Clearly some strong misunderstanding of how IP works going on here...


----------



## Champion Alaric (Feb 17, 2011)

Yah IP is quite a deal. I member a few years ago when SPIKE tv came out and Spike Jones sued them. He lost and I laughed at his arrogance for thinking he owned the word Spike.

B&K has it right on, you can copy but its how you go about selling it that matters.


----------



## aranelthemithra (Nov 1, 2011)

Drawing inspiration is not the same thing as stealing intellectual property. 

Lets look for a decent example... looking... looking. Oh... yeah, Warhammer Fantasy! 

How many people think the elves have a serious similarity to those found in book written by J.R.R. Tolkien? Dwarves were not visualized the way that GW uses them until Tolkien described them as such (mining, drinking, heavily bearded, etc) 

To deny that Tyranids aren't HEAVILY inspired by the xenomorphs from Aliens is simply not paying attention. 

Inspiration is, and always will be, the acceptance that there is nothing new under the sun. 

Intellectual property is a much narrower world to deal with, and trademarks and copyrights are an adjunct to that branch of law - but are not the same. 

Metallica owns a trademark for that name. There is no intellectual property associated to that name, just a brand (trademark) - though songs, lyrics, etc... whole different story. No other band can use the name, and nothing associated to music would be able to utilize the name either. A paint, however (assuming they used a unique, differentiated logo) could call itself Metallica paints, and sell a line of only metallic paints and the band would be out of luck. 

There is recent case law associated to this regarding two multinational companies. Apple, and Apple Records (The beatles label). 

Apple Records and Apple Computers lived happily together for decades - the logos were undeniably similar - the companies shared a name. Certainly that would be trademark infringement by Apple computers! 

Not so. Apple Records owned a trademark within their market vertical. Music. 

Apple Computers owned a trademark in their market vertical... technology. 

Then Apple Computers made a misjudgment - they started iTunes. Now they were Apple and they were selling music! Lawsuits ensued, and Apple Music owned all the tiebreakers. 

Games Workshop invented the "idea" of Thunderwolf Cavalry. They didn't however, produce those ideas as 3-dimensional models. 

Therefore, a model of a thunderwolf cavalry is in breach of intellectual property. Even though the item itself has never been produced, the idea (the intellectual property, if you will) belongs squarely with GW. Unfortunately for GW, people riding wolves is not a unique idea. Science-fiction soldiers, wearing powered armour riding massive Thunderwolves is. So other companies said... "cool, we don't need to call them thunderwolves - heck, it would be impossible to claim a problem with cyber wolf since neither word is protected."

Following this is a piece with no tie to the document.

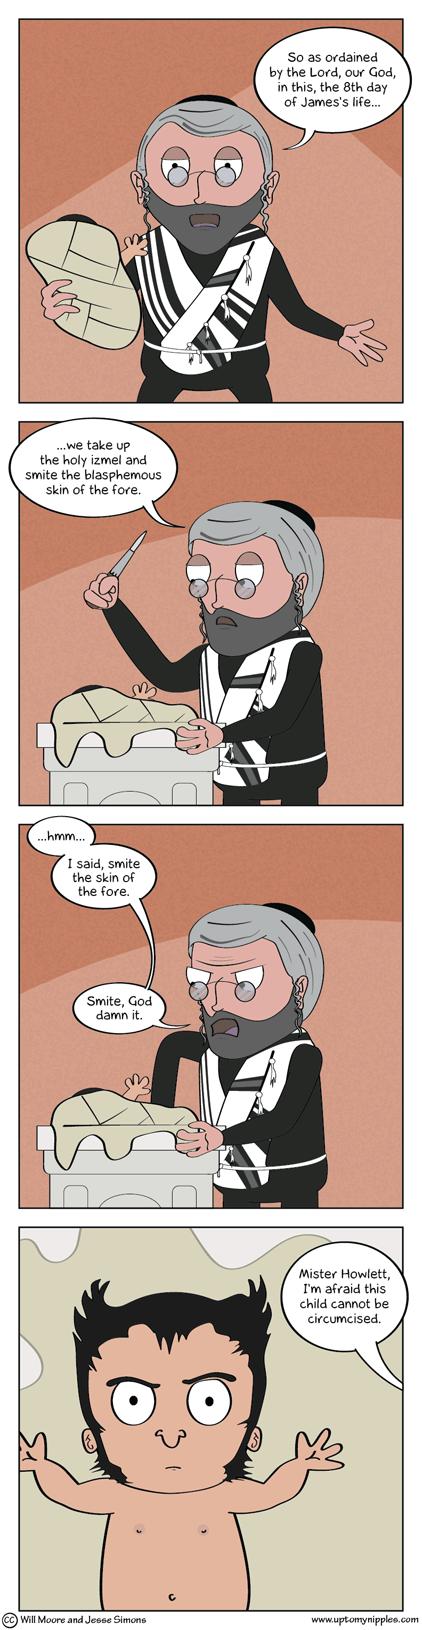 Bristine Condition comic

They don't put the science-fiction soldier on the cyber wolf, they just put some legs on it. Why aren't the legs a problem? Have you looked at medieval armour? Sure, it's plainly not a knight, but you can't claim interlocking leg armour as some protected idea. 

BUT... it gets interesting now. A generic cyber wolf with a rider has now become (in physical 3-d form) an idea. So a company now owns the idea of building a model which represents a massive wolf being ridden by ... something. GW made Canis, but Canis isn't a generic unit, he's a special character. 

So, can Games Workshop even make their own Thunderwolf Cavalry models anymore without stealing someone ELSE's intellectual property? 

In short, which this is not... 

Sepulchra Metallica would, at most, be a trademark infringement (x2) if it wandered in the world of music. As it is, it's not even in the same ball park... so no issues there. 

The Mandrake vs "The Time Machine" movie monsters. Passing similarities without additional specific stealing ideas are simply that. They look similar. Problem? Games Workshop miniatures are made as gray models. They don't have colours. Now, the painter may be guilty of plagiarism, but Games Workshop is free and clear - even if there were enough to imply some issue with IP. 

As far as the TWC. Games Workshop has no intention of making the models. Therefore, I assume they are dodging any potential fight since the demand for the models is high.


----------